Labor voters went to the Liberals instead, even in Balmain, of all places, where Liberal James Falk found himself unexpectedly leading on primaries as counting ended on Saturday night. "Will have to move away from Balmain electorate in disgust," fumed one angry Greens voter on Twitter. "And I was so proud of us too, it was a sure thing."
There's only one sure thing in Australian politics, besides Bob Brown's election night speeches about the brilliant Greens result, and it was revealed again on the weekend.
Climate change might not stabilise until 40 generations from now, but it's already a consistent political killer.
It wouldn't have helped Labor at state level that Gillard launched her uncosted, undetailed, un-anything carbon tax plan during the NSW election campaign. Nor would the Greens already handicapped by two awesomely charmless candidates have been assisted by incoming premier Barry O'Farrell's campaign focus on the planned tax.
Two federal leaders, Kevin Rudd and Malcolm Turnbull, were removed within six months of each other because of popularity plunges associated with climate advocacy. Gillard would have joined them after last year's election if she'd told the truth about her carbon tax scheme. Now we've even got Balmain voting for a state party that opposes carbon pricing. Liberal staffers claim the issue was a "flashpoint" in many Labor electorates.
The message will sink in one day. Outside of certain small political and journalistic cultures, climate change is worse than a non-issue. It's an issue disputed and rejected.
Australians are now broadly aware that we only contribute 1.4 per cent of the planet's alleged warming gases and they don't see why we should have to sacrifice our wages to make a difference when no difference can be made.
Sooner or later, somewhere in the world a mainstream political party possibly from the left is going to say: "Hey, we went along with all of that global warming stuff for a few years. We were scared we'd lose votes if we didn't. But now we realise no policies we devise can make any significant impact. From now on, environmental spending will be limited to the the environment people live in. Here are all your taxes back. Sorry."
On current trends, such a policy would probably do rather well. They could even quote Tim Flannery "if we cut emissions today, global temperatures are not likely to drop for about a thousand years" in support of it.

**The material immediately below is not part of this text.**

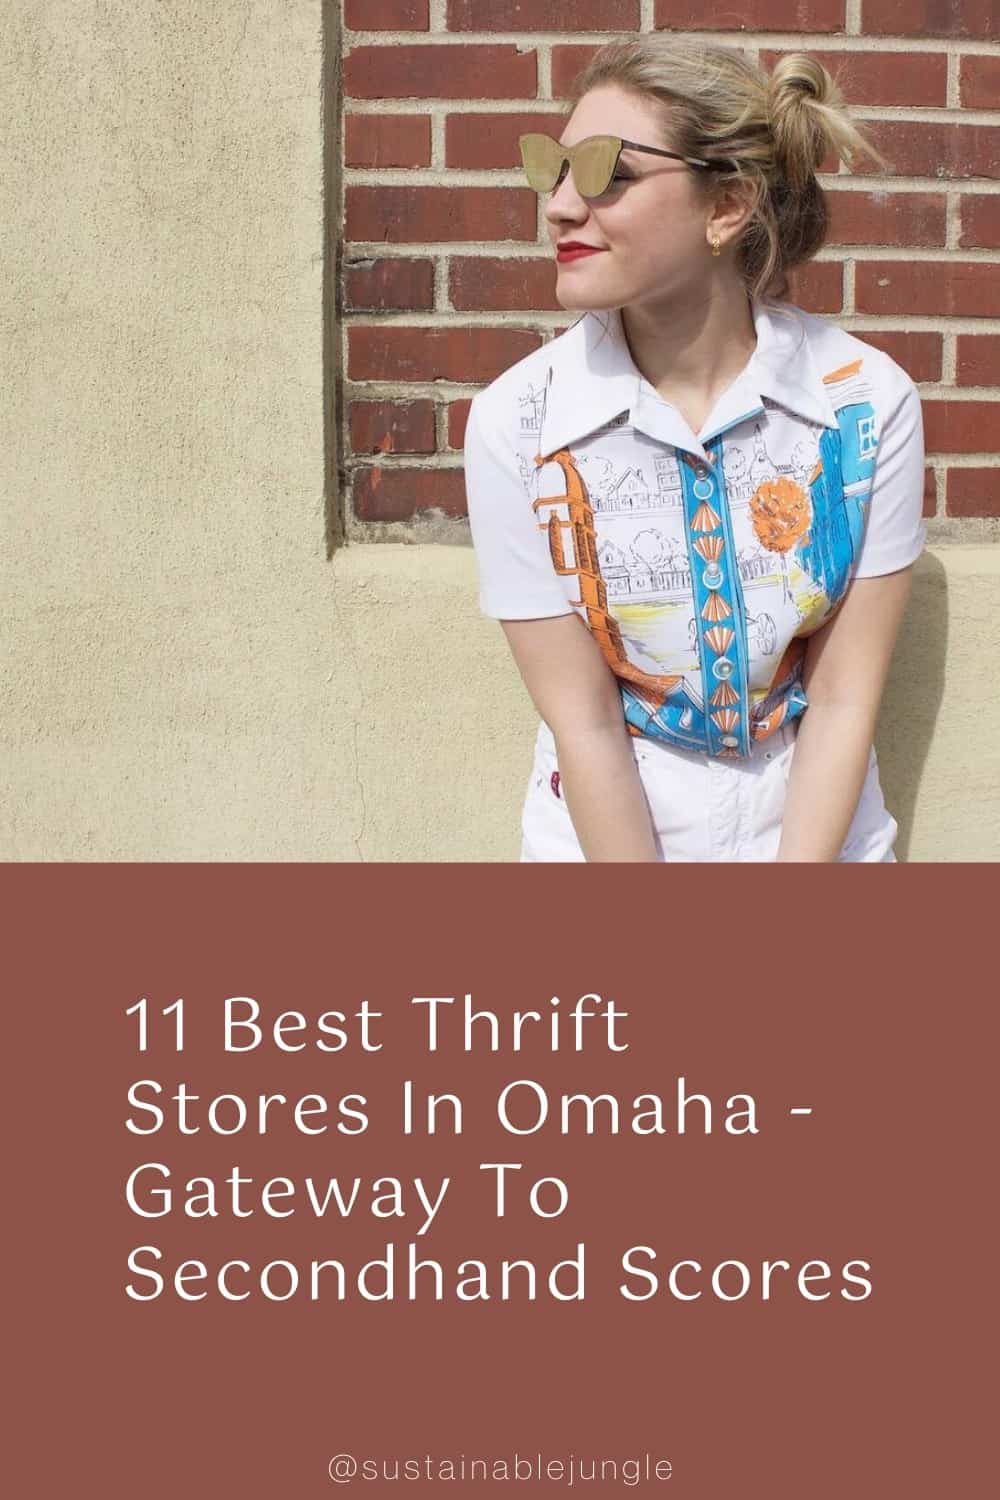 11 Best Thrift Stores In Omaha - Gateway To Secondhand Scores #thriftstoresomaha #bestthriftstoresomaha #clothingthriftstoresomaha #thriftstoresinomaha #bestthriftstoresinomaha #omahathriftstores #furniturethriftstoresomaha #sustainablejungle Image by Flying Worm Vintage

Meanwhile, we have to put up with Gillard's apocalyptic fear campaign. As The Australian reports, Gillard has sent out scripted lines Labor MPs can use to spook people into backing the carbon tax. "If we don't act," runs the script, "then we will see more extreme weather events like bushfires and droughts. We will have more days of extreme heat and we will see our coastline flooded as sea levels rise."
The document continues: "Sea levels could rise by up to a metre and possibly even more by the end of the century. Up to 250,000 existing homes are at risk of inundation." And if you're not already incinerated or starved or drowned, there's also problems with skiing: "Climate change will see the average snow season contract by between 85 per cent and 96 per cent by 2050."
Imagine Labor candidates trying these lines in hard-working electorates. Picture a fellow playing with his four-year-old daughter when the doorbell rings. It's an earnest Laborite come to warn about climate change. By the time he's halfway through his pitch ... talking about all the pets catching fire, or grandma getting tsunamied the little girl is almost in tears.
Her father hasn't spoken for some time. He's listening to the man frightening his daughter.
Eventually he quietly tells the girl to go and see her mother. Daddy wants to talk to the scary man in private.
Picture what happens next. Hint: he doesn't volunteer to hand out Labor how-to-vote cards. Not in a thousand years.